Amerika Birleşik Devletleri Başkanı Donald Trump’ın Beyaz Saray’daki ilk tam günü, tahvil piyasasında beklenen olumsuz gelişmelerin aksine oldukça olumlu geçti. Bu süreçte, ABD devlet tahvilleri önemli bir yükseliş sergileyerek, tahvil getirileri yılın en düşük seviyelerine geriledi. Özellikle Trump’ın “Amerika’yı önceleyen” politikalarını hayata geçirmek amacıyla imzaladığı bir dizi kararname, iş dünyasında memnuniyetle karşılandı. Ancak, bu durum tarife açıklamaları nedeniyle tahvil piyasalarında bir miktar olumsuz etki yaratabilirdi; fakat ilk etapta tahvil piyasalarını olumsuz yönde etkilemediği görüldü.
Bir diğer dikkat çeken gelişme ise petrol fiyatlarının düşüşü oldu.

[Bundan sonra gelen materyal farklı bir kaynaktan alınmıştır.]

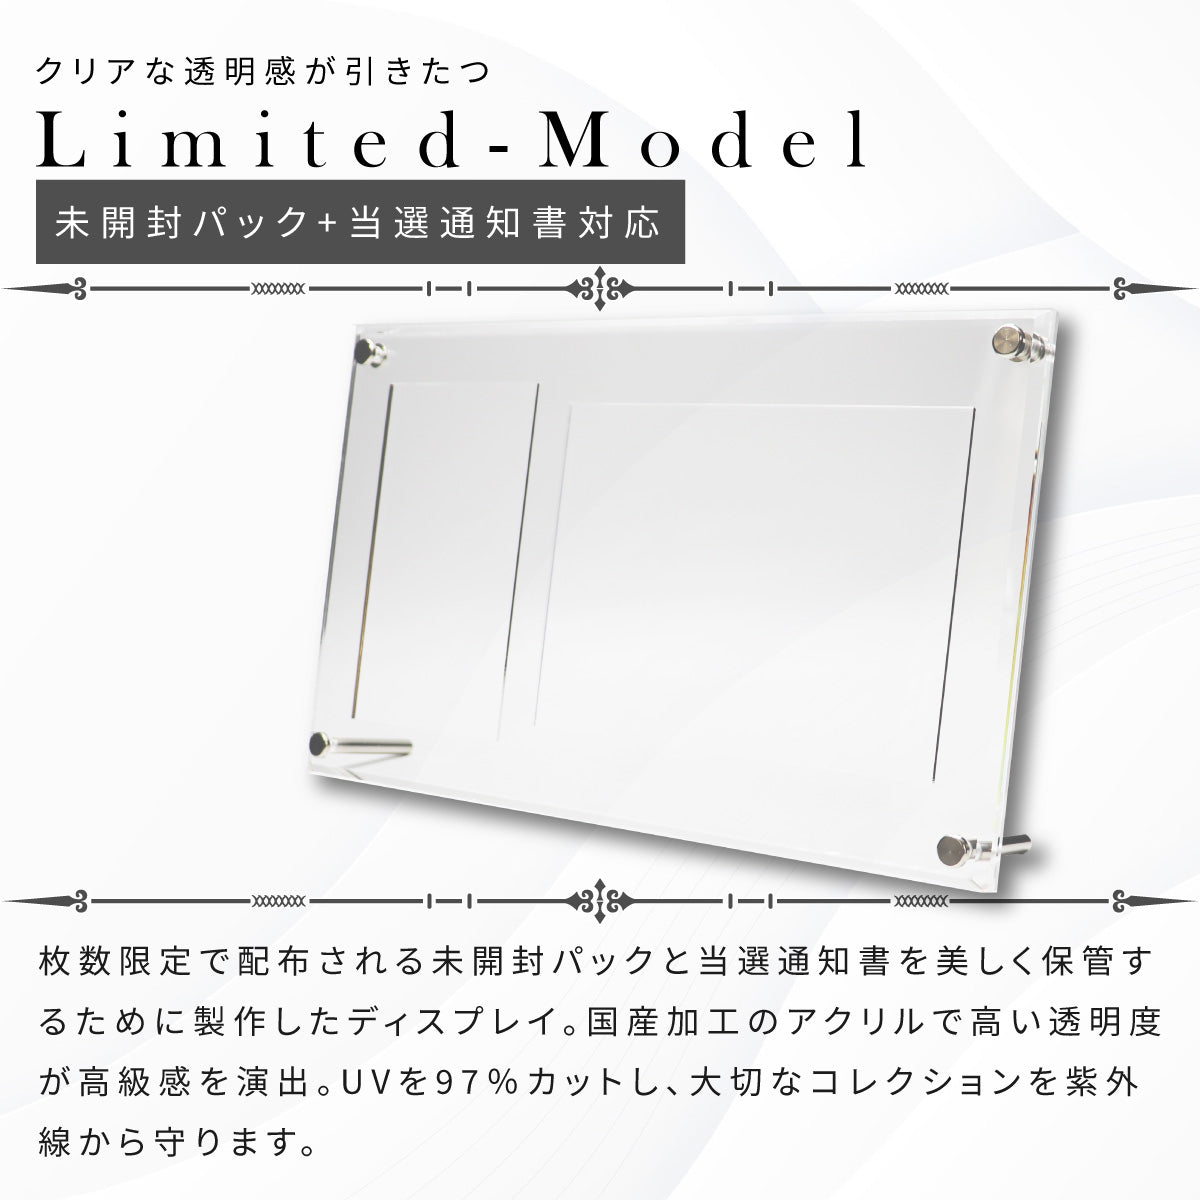 Limited-Model 未開封+当選通知書(遊戯王) – with:D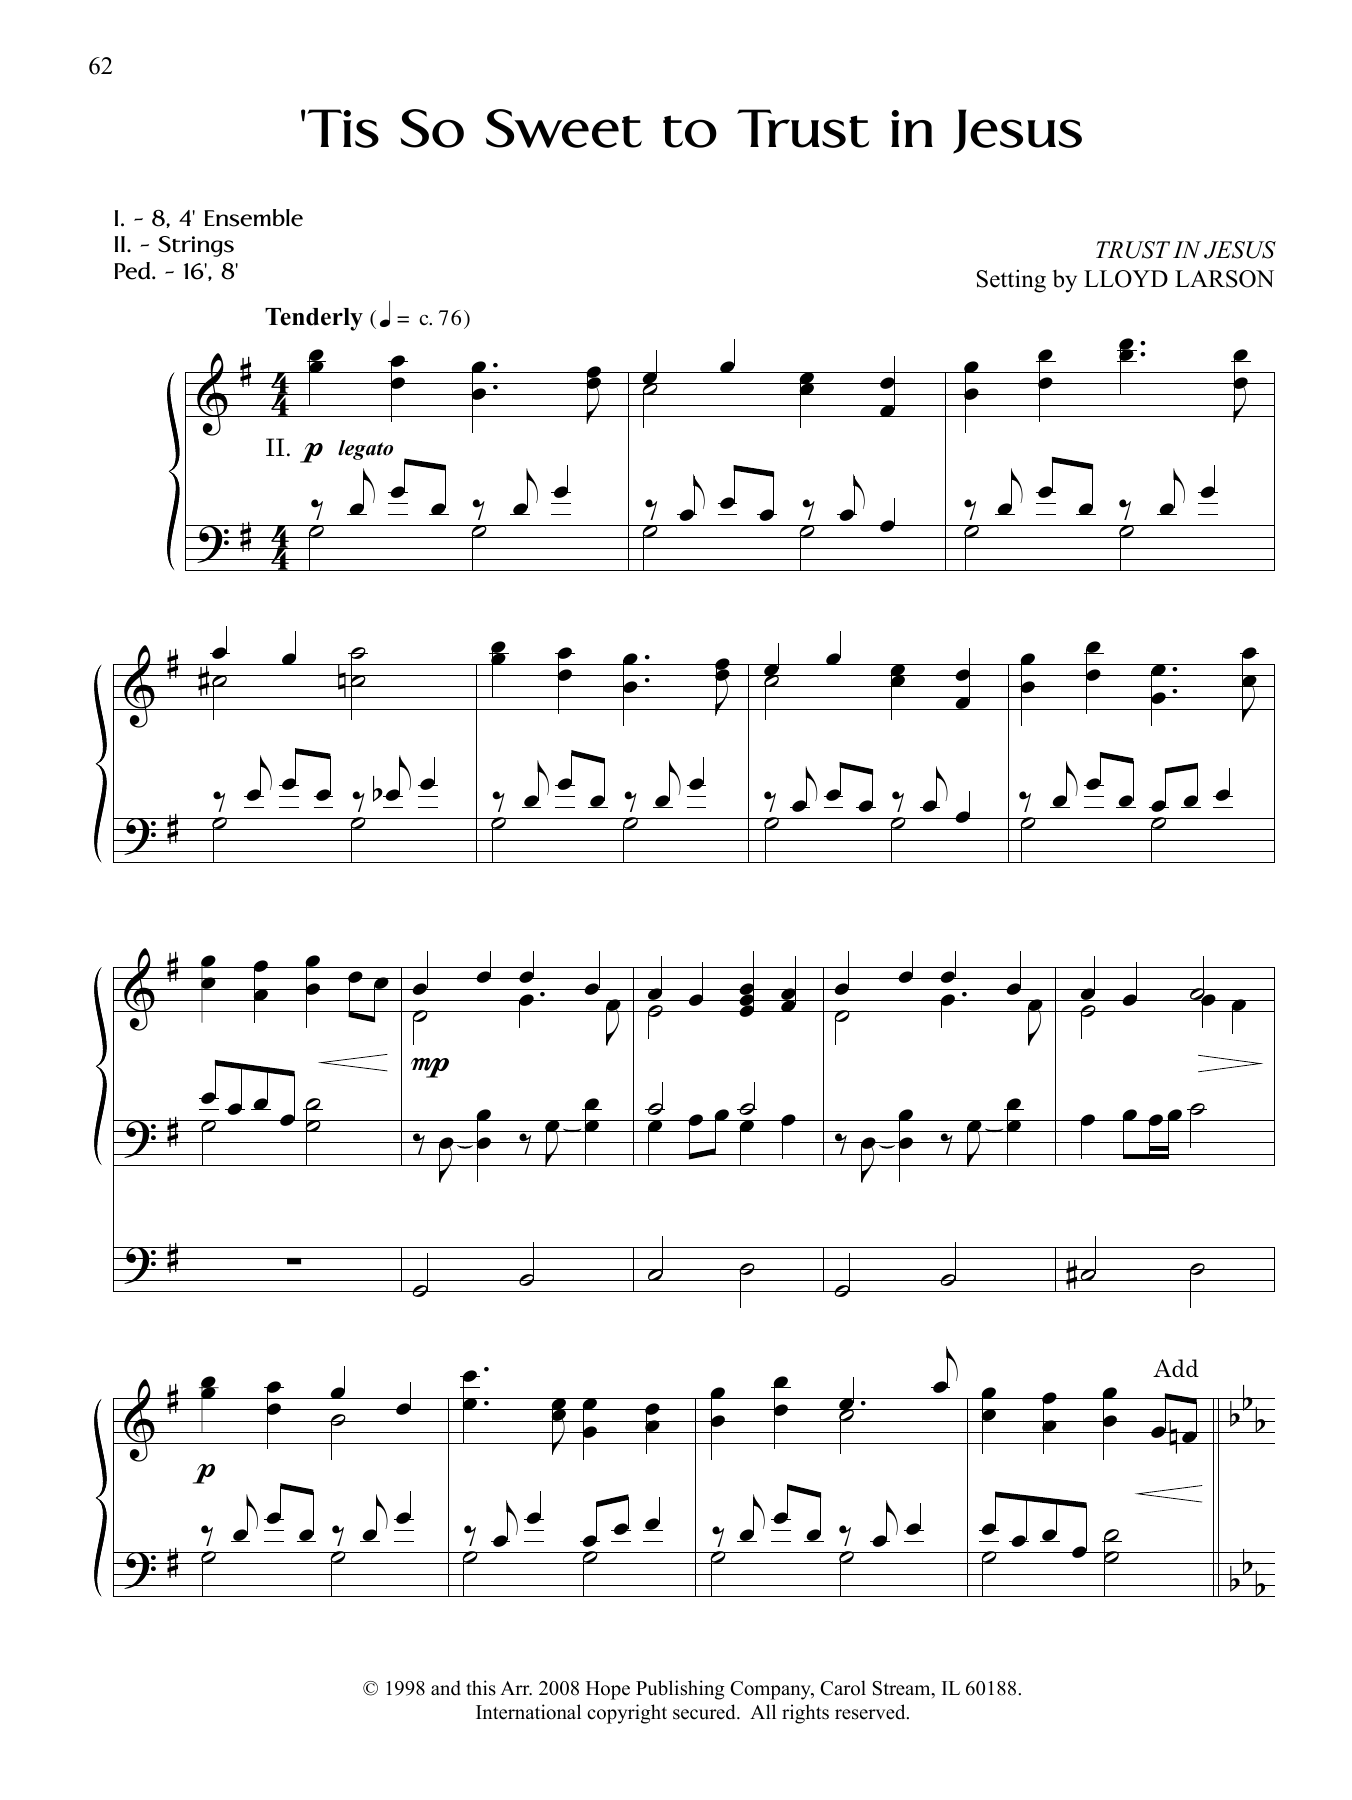 Lloyd Larson Tis So Sweet to Trust in Jesus Sheet Music Notes & Chords for Organ - Download or Print PDF

Bu düşüş, enflasyon endişelerinin azalmasına katkıda bulunarak, tahvil getirilerinin birçok vade diliminde aşağı yönlü hareket etmesine sebep oldu. Trump’ın tarihsel olarak başkanlık yemin töreni öncesi ortaya çıkan bütçe açığı endişeleri, 30 yıllık tahvil getirisini yüzde 5’e kadar yükseltmişken, bu oran Salı günü altı baz puanlık bir düşüşle yüzde 4,80’e geriledi.
Finans alanında önemli yorumlarıyla tanınan Mischler Financial Group Genel Müdürü Glen Capelo, Trump’ın tahvil piyasalarını etkileyecek açıklamalar yapacağına dikkat çekti. Capelo, “Trump, Trump olacak ve piyasaları kızdıran açıklamalar yapacak. Ancak günün sonunda Trump bir iş adamıdır ve düşük faizleri anlıyor. Bu nedenle faiz oranlarının daha yüksek değil, daha düşük olacağından eminim” ifadelerini kullanarak Trump’ın tahvil piyasaları üzerindeki olası olumlu etkisine işaret etti.
Capelo, aynı zamanda Hazine Bakanı olarak Scott Bessent’ın seçilmesinin ve tarifelerin kademeli bir şekilde uygulanmasının, tahvil getirilerini desteklemeye devam edeceğini düşündüğünü belirtti. Bu durum, tahvil yatırımcıları için ek bir güvence sağlarken, Trump yönetiminin mali politikalarının tahvil piyasalarındaki dalgalanmaları nasıl etkileyebileceği konusunda da ipuçları sunuyor. Dahası, tahvil piyasalarının Trump’tan beklentileri açısından, Başkan’ın iş dünyasına yönelik açıklamaları ve kararlarının önem taşıdığı açıktır.
Özetle, Donald Trump’ın başkanlık sürecinin başlangıcı, tahvil piyasalarında korkulan senaryoların aksine, yatırımcılar için olumlu bir atmosfer yaratmış gözüküyor. İmzalanan belgeler ve ortaya konan politikalar, daha geniş anlamda finansal piyasalarda sağlam bir etki yaratmaya devam edebilir. Özellikle enflasyon, faiz oranları ve bütçe açığı gibi konular, ilerleyen günlerde tahvil piyasalarının seyrini belirleyen başlıca etkenler arasında yer alacaktır. Bu noktada, Trump yönetiminin alacağı kararlar ve açıklamalar, yatırımcılar için kritik öneme sahip olacaktır.